ORDONNANCE DE CLÔTURE : rendue le 18 Octobre 2023
EXPOSÉ DES FAITS
Mme [X] [R], née le 5 octobre 1965, a été embauchée par contrat de travail à durée indéterminée à temps partiel de 30 heures par semaine, à compter du 16 août 2004, en qualité de vendeuse, par la société Riu Aublet et Compagnie, qui applique la convention collective des maisons à succursales de vente au détail d'habillement et emploie de façon habituelle au moins onze salariés. Elle était affectée au magasin de [Localité 5].
Par courrier du 2 décembre 2019, la société Riu Aublet et Compagnie a informé Mme [R] de la fermeture du magasin de [Localité 5]-[Localité 6] et lui a annoncé sa mutation au sein du magasin de [Localité 7] à compter du 1er janvier 2020.

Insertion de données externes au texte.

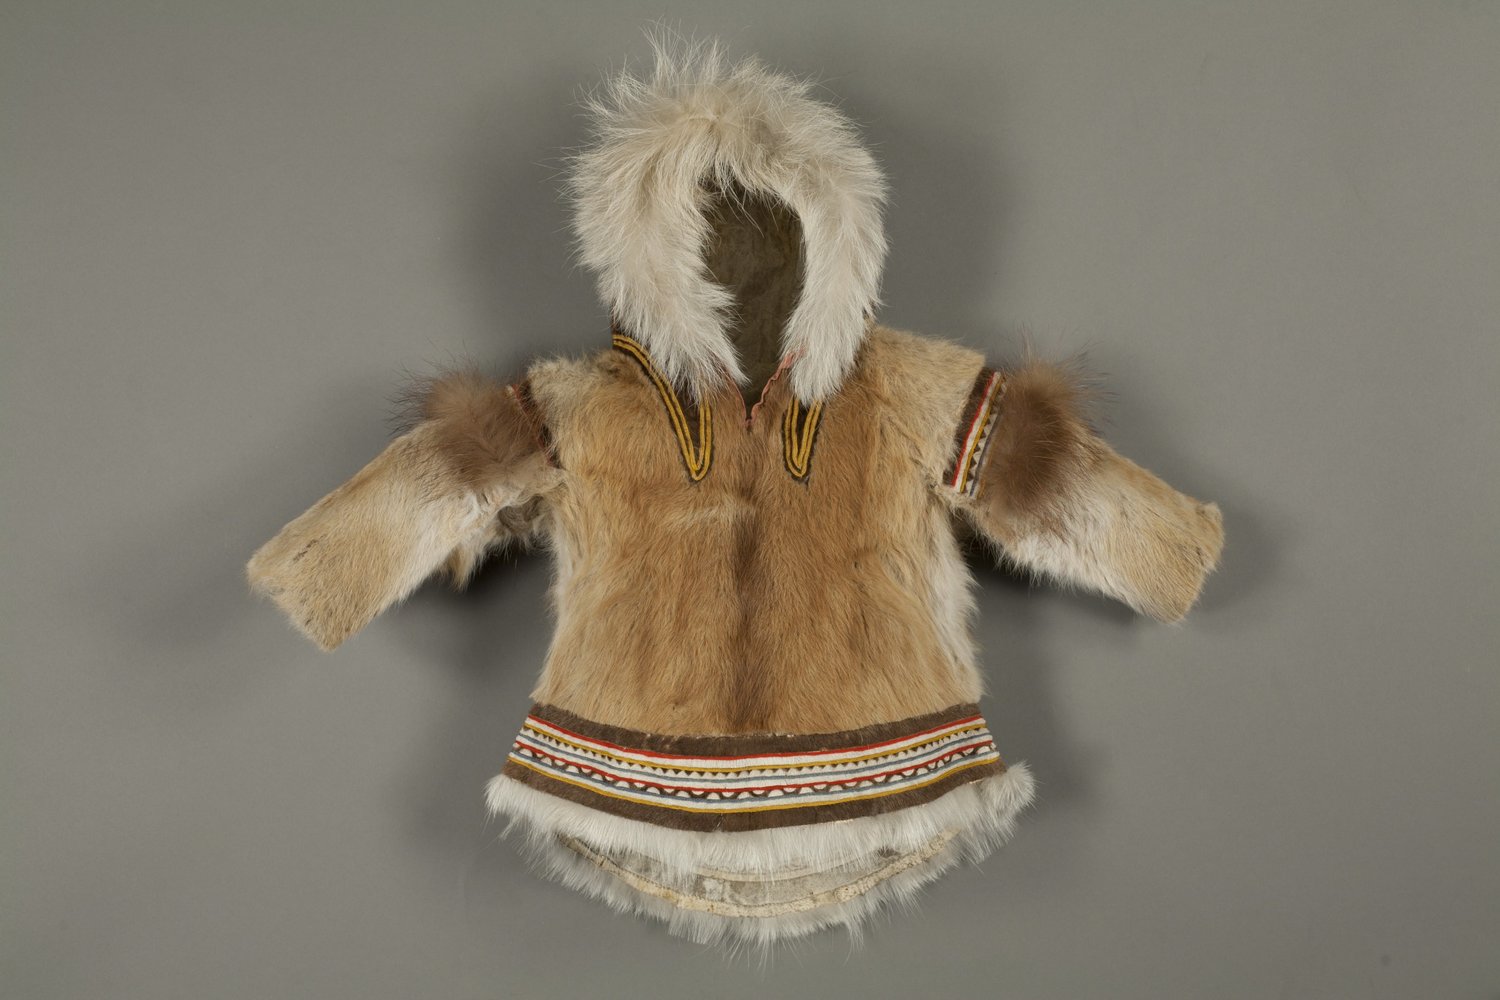 R2-2 Clothing — Native American Art Teacher Resources

Par courrier du 18 décembre 2019, Mme [R] a averti son employeur qu'elle refusait sa mutation. Elle ne s'est pas présentée au magasin de [Localité 7].
Elle a été convoquée par lettre du 27 décembre 2019 à un entretien préalable à un éventuel licenciement le 9 janvier 2020. Son licenciement lui a été notifié par lettre recommandée en date du 14 janvier 2021, motivée par le refus de sa mutation, non constitutive d'une modification de son contrat de travail, exprimé par son courrier du 18 décembre 2019 et maintenu lors de l'entretien préalable.
Par requête reçue le 29 septembre 2020, Mme [R] a saisi le conseil de prud'hommes de Calais pour faire constater l'illégitimité de son licenciement.
Par jugement en date du 28 septembre 2021 le conseil de prud'hommes a dit que le licenciement est fondé sur une cause réelle et sérieuse, débouté Mme [R] de l'ensemble de ses demandes, débouté les parties de leurs demandes respectives sur le fondement de l'article 700 du code de procédure civile et laissé aux parties la charge de leurs propres dépens.
Le 22 octobre 2021, Mme [R] a interjeté appel de ce jugement.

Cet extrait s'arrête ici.